__ASSIGNED TASK__:
Print exactly the lines that run from the one containing "Organic Acacia Powder - Sold Per Ounce" to the final line of the data, both included, and print none of the pictures.

__DATASET EXCERPT__:
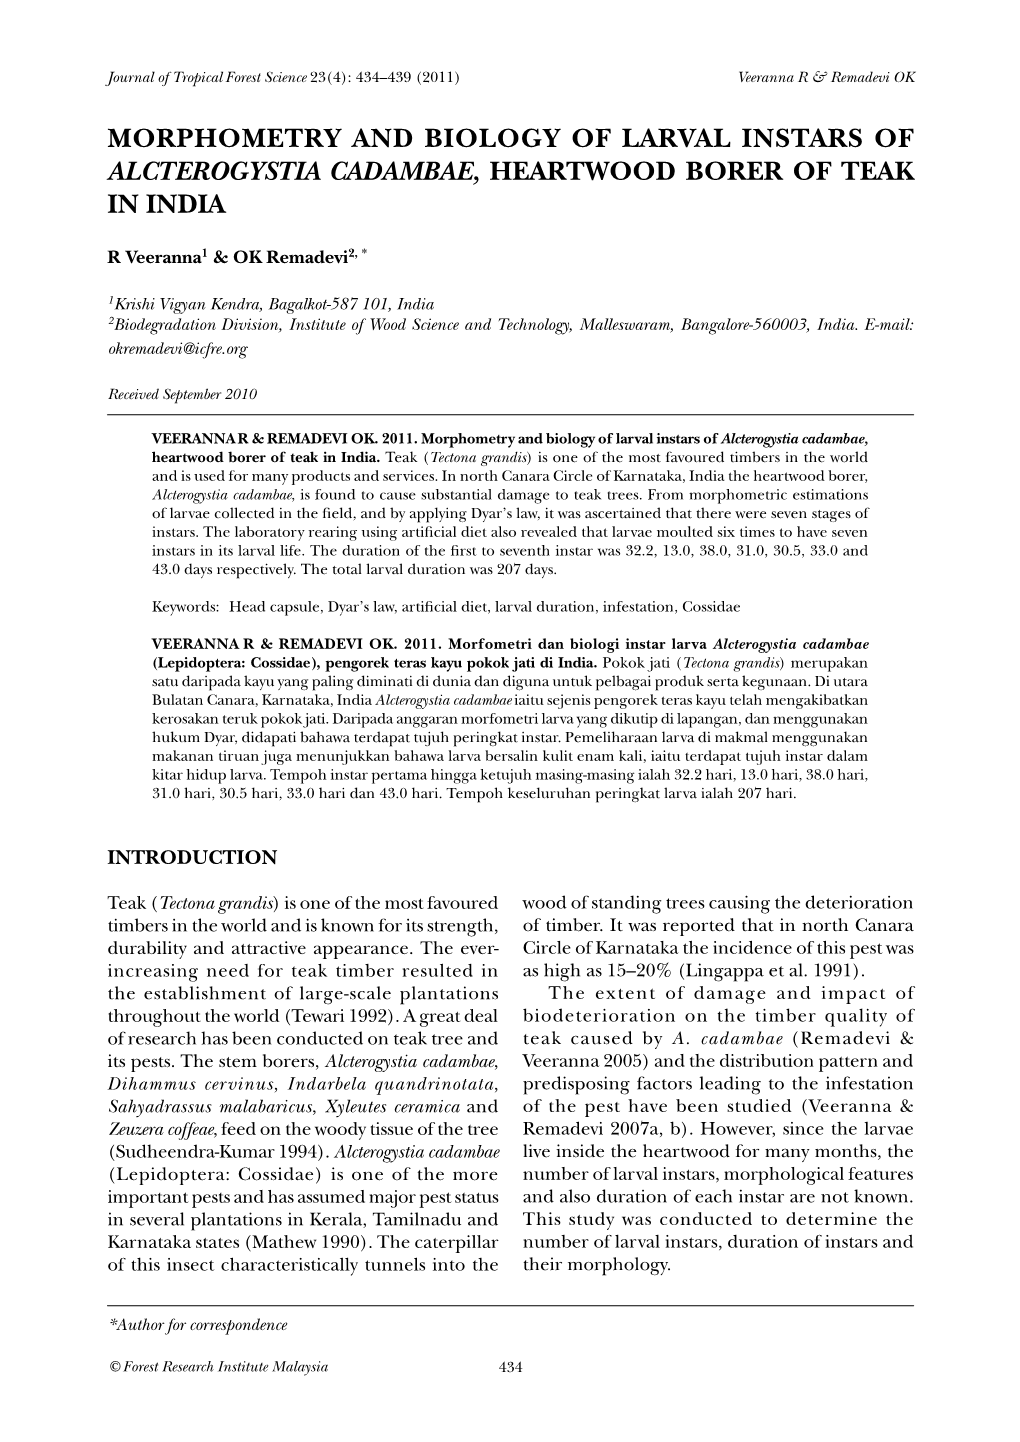 Morphometry and Biology of Larval Instars of Alcterogystia Cadambae, Heartwood Borer of Teak in India
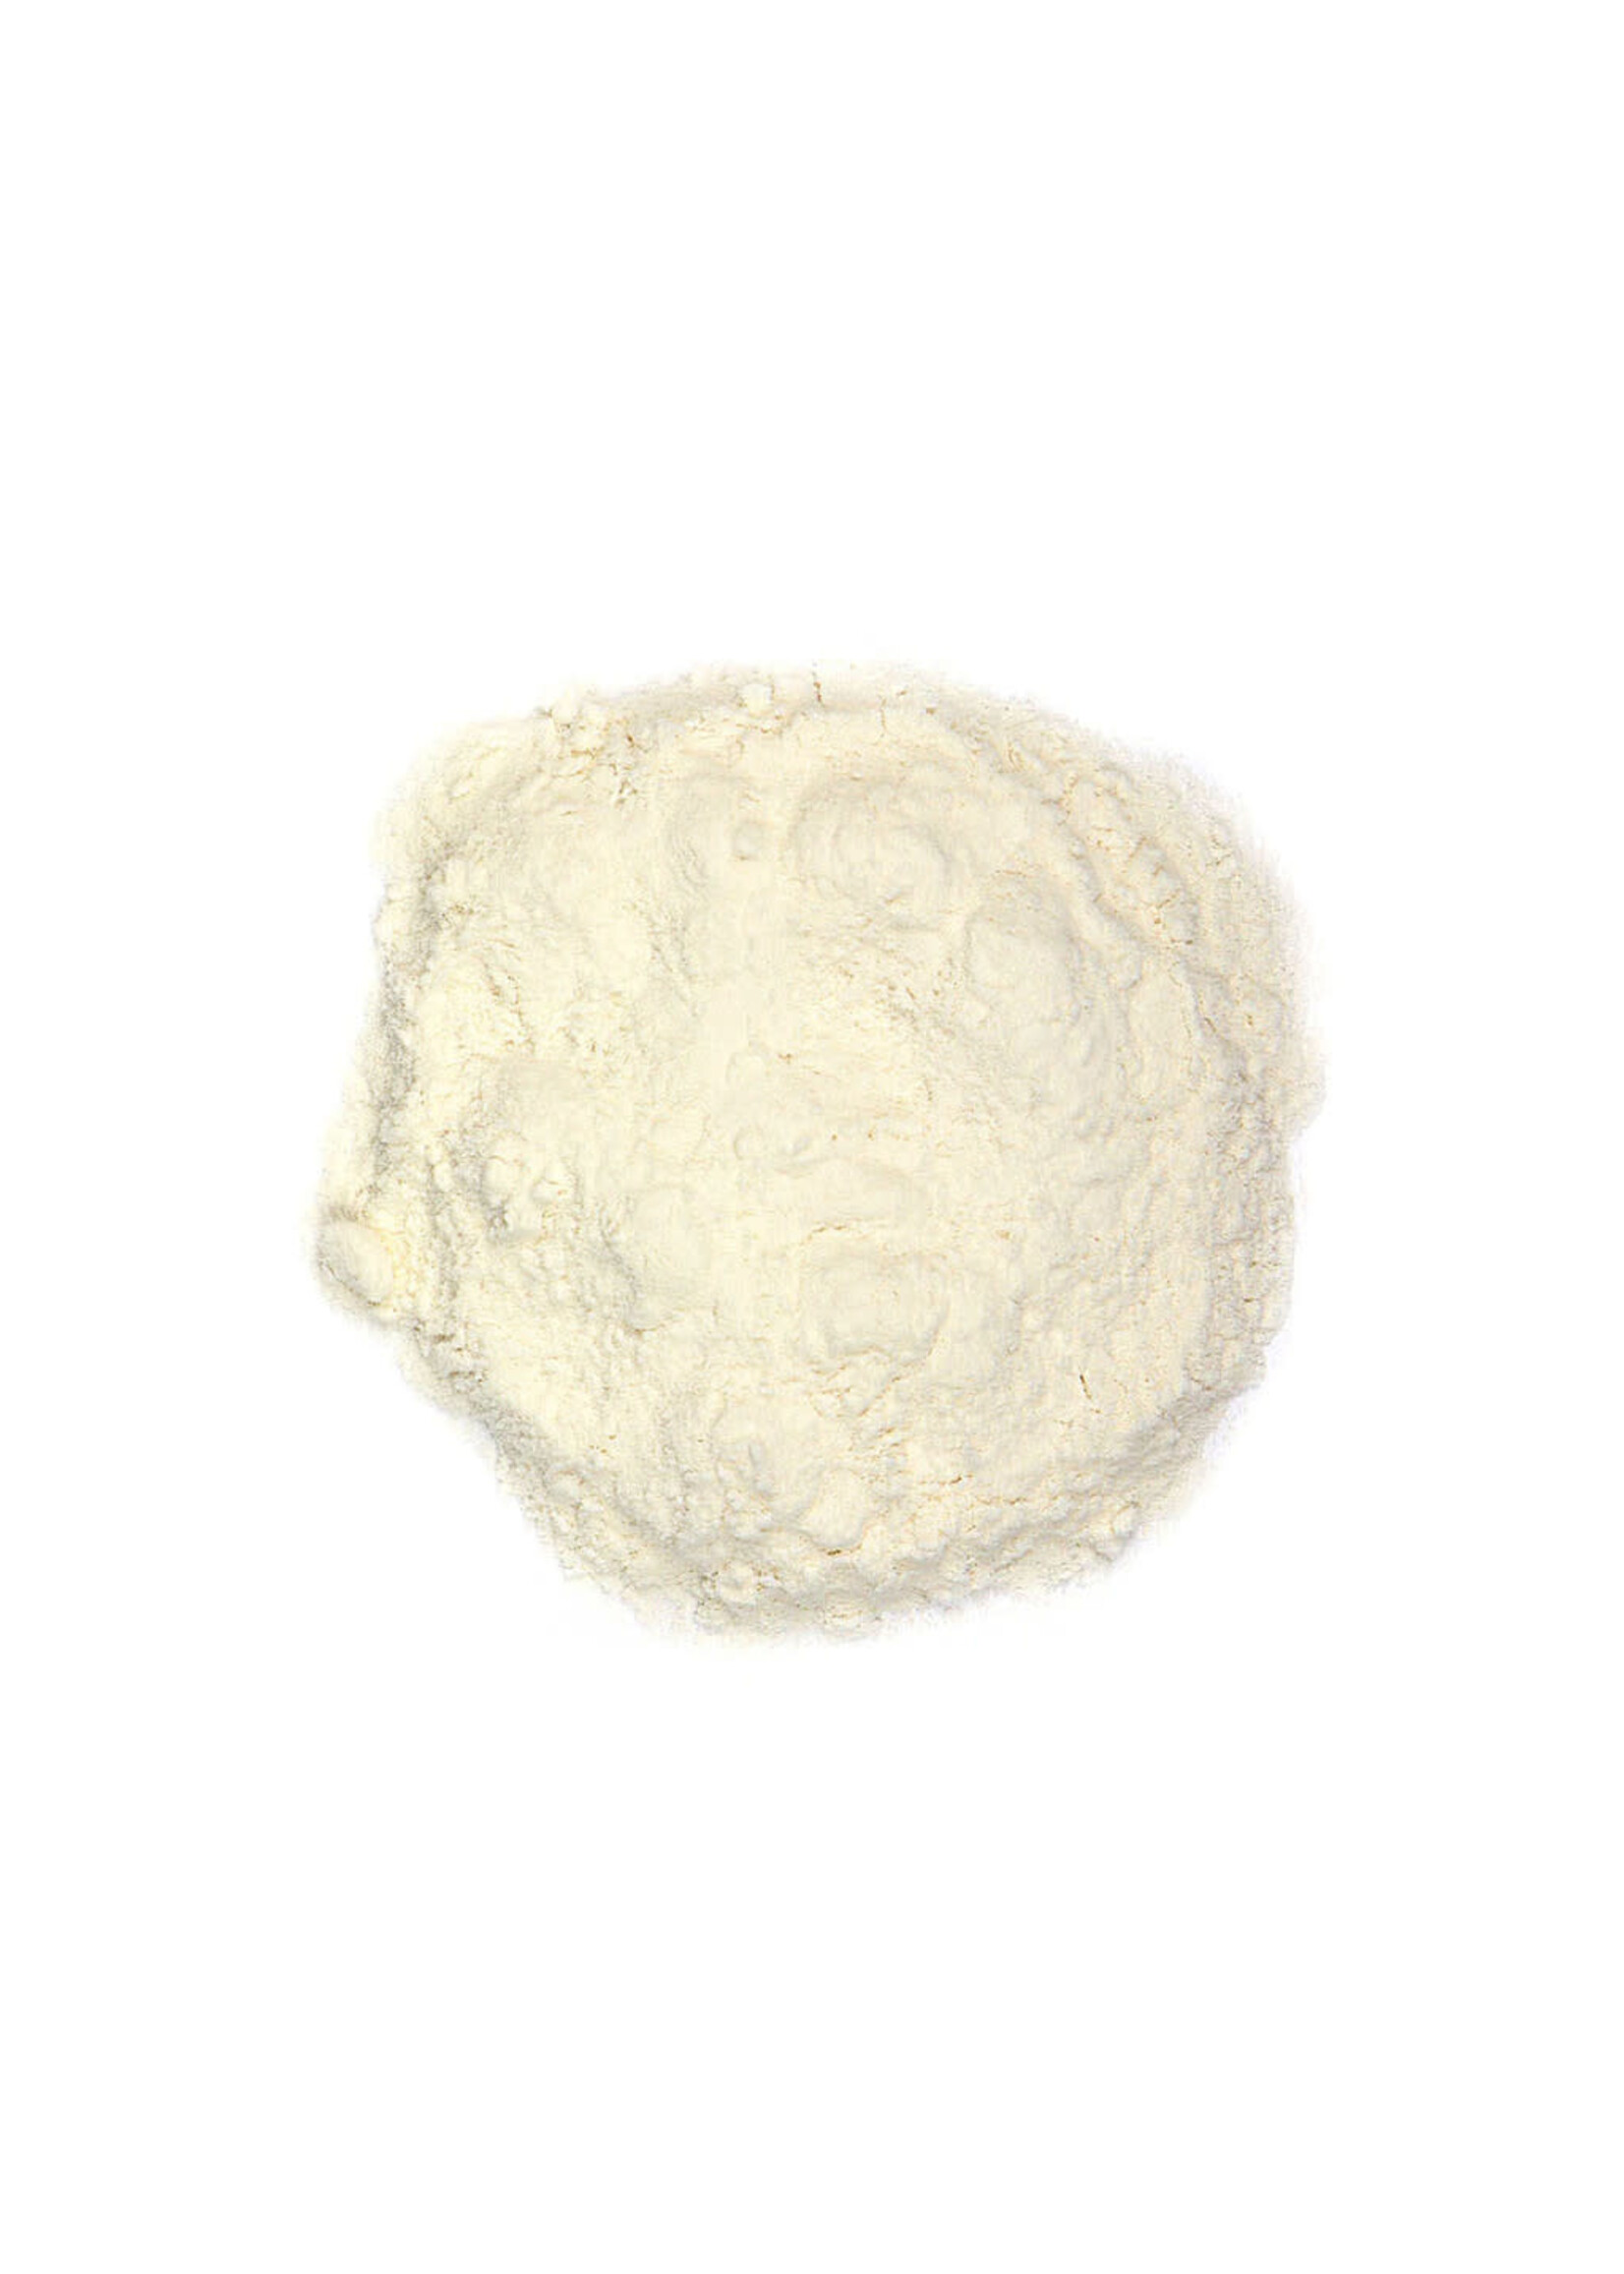 Organic Acacia Powder - Sold Per Ounce
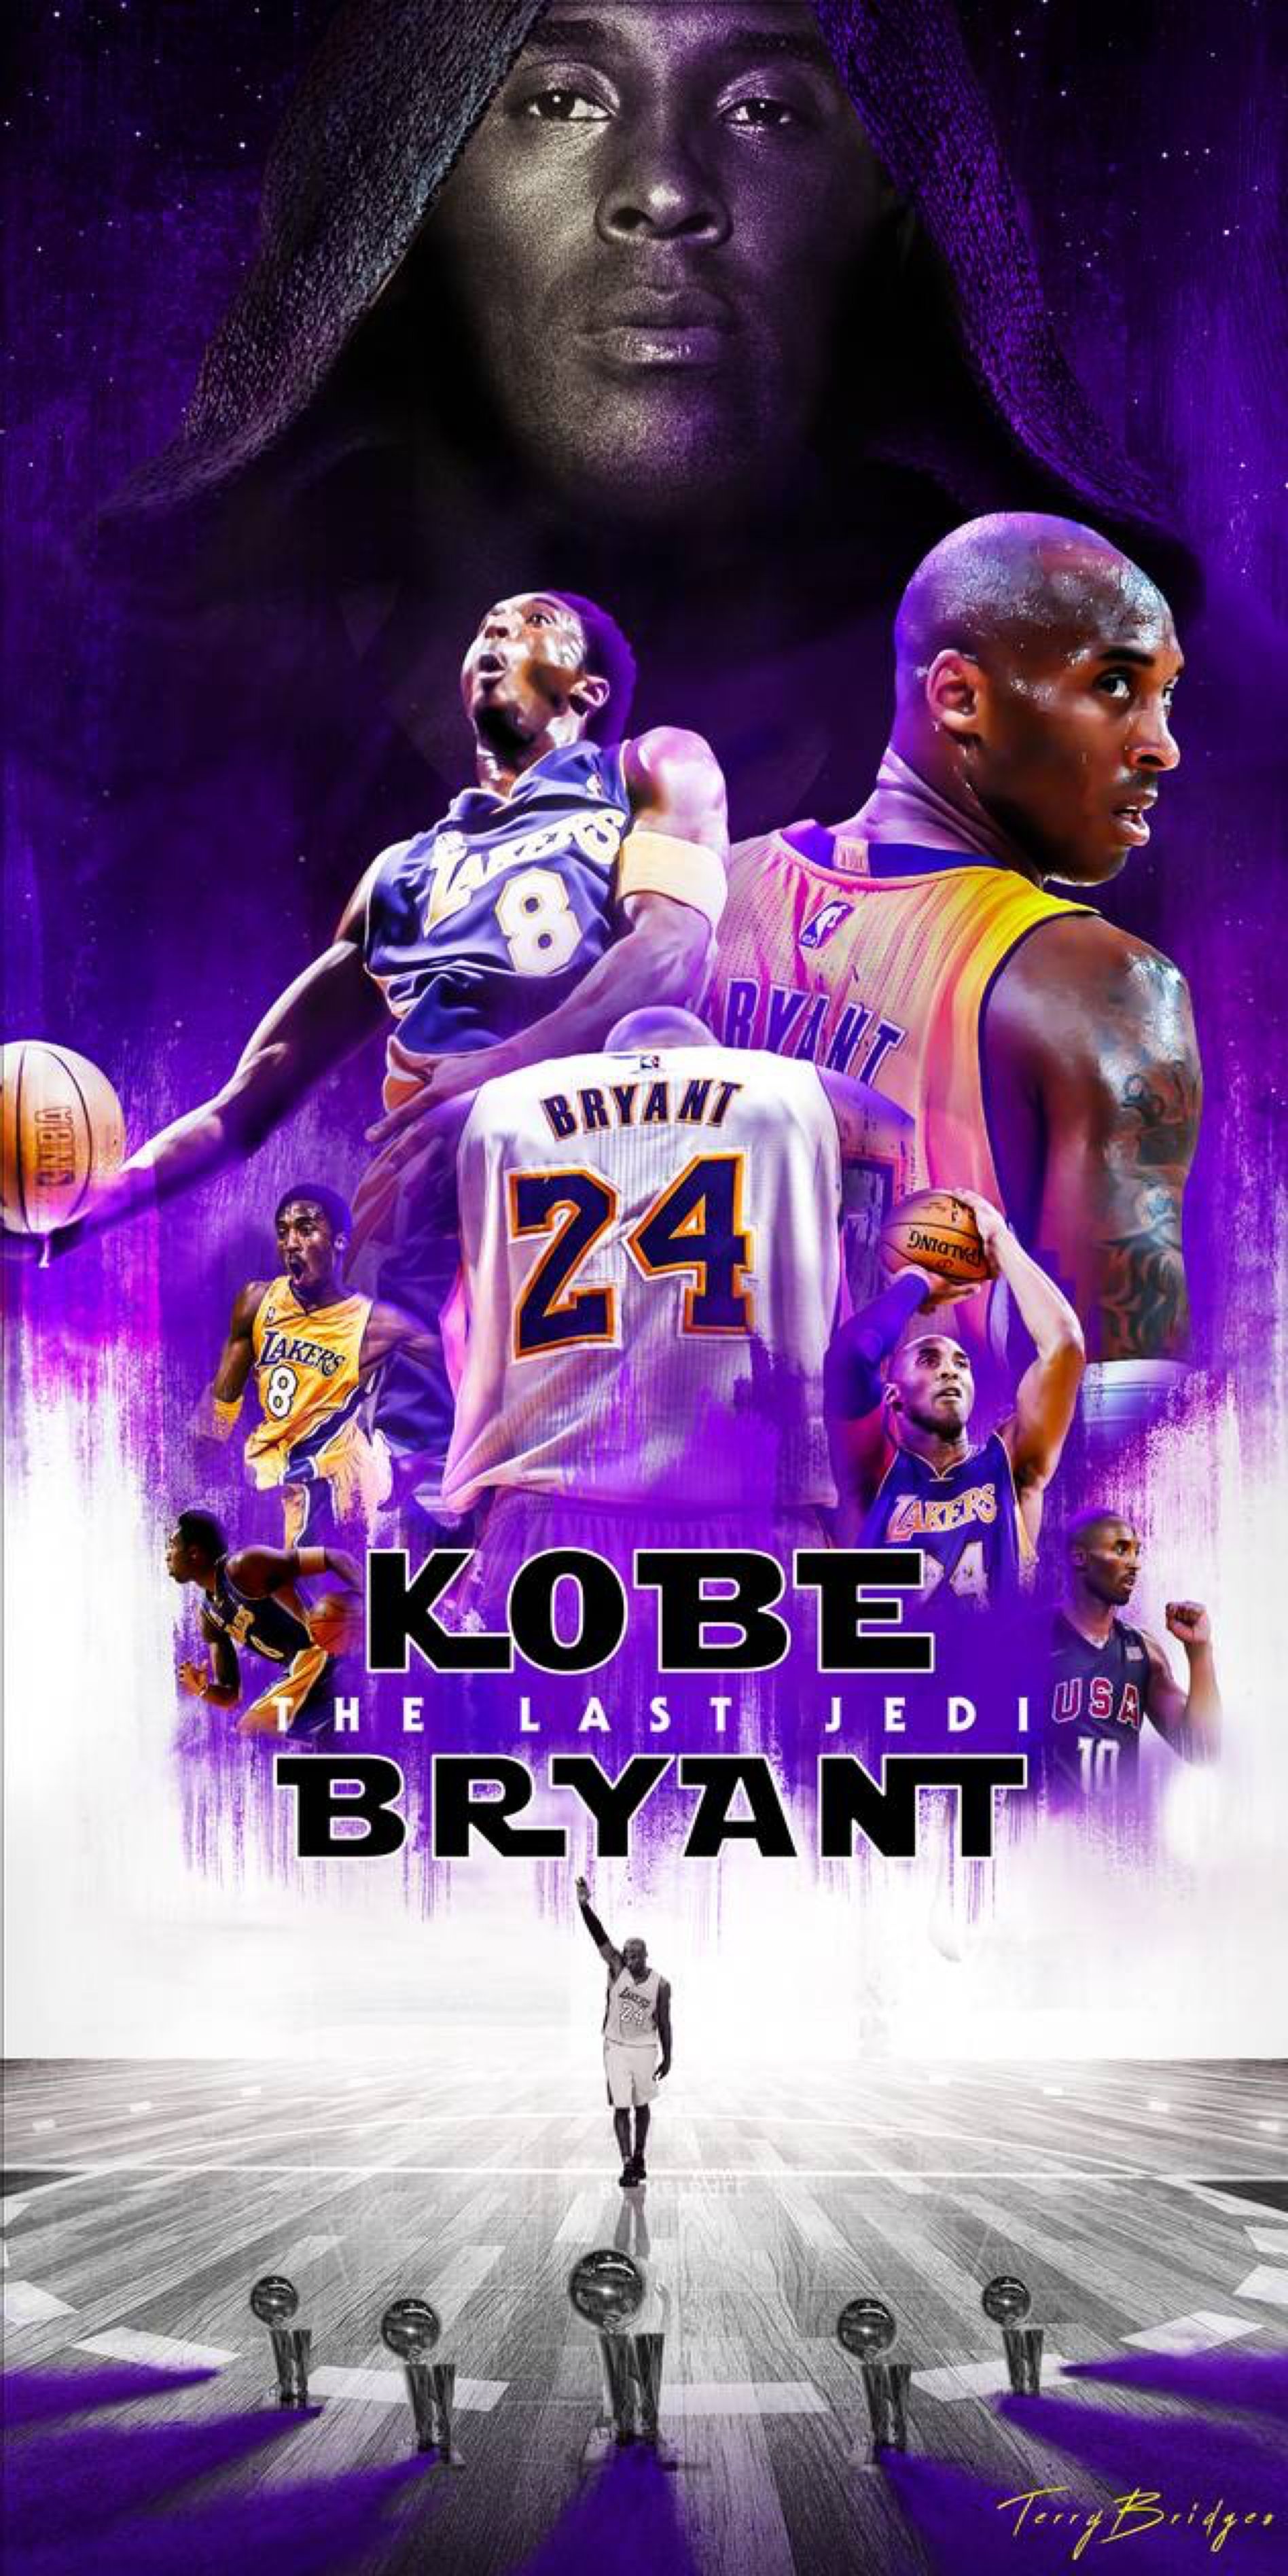 Kobe Bryant: The Last Jedi By HZ Designs. Kobe Bryant Wallpaper, Kobe Bryant Picture, Lakers Kobe

__REPLY__:
 Organic Acacia Powder - Sold Per Ounce
 Kobe Bryant: The Last Jedi By HZ Designs. Kobe Bryant Wallpaper, Kobe Bryant Picture, Lakers Kobe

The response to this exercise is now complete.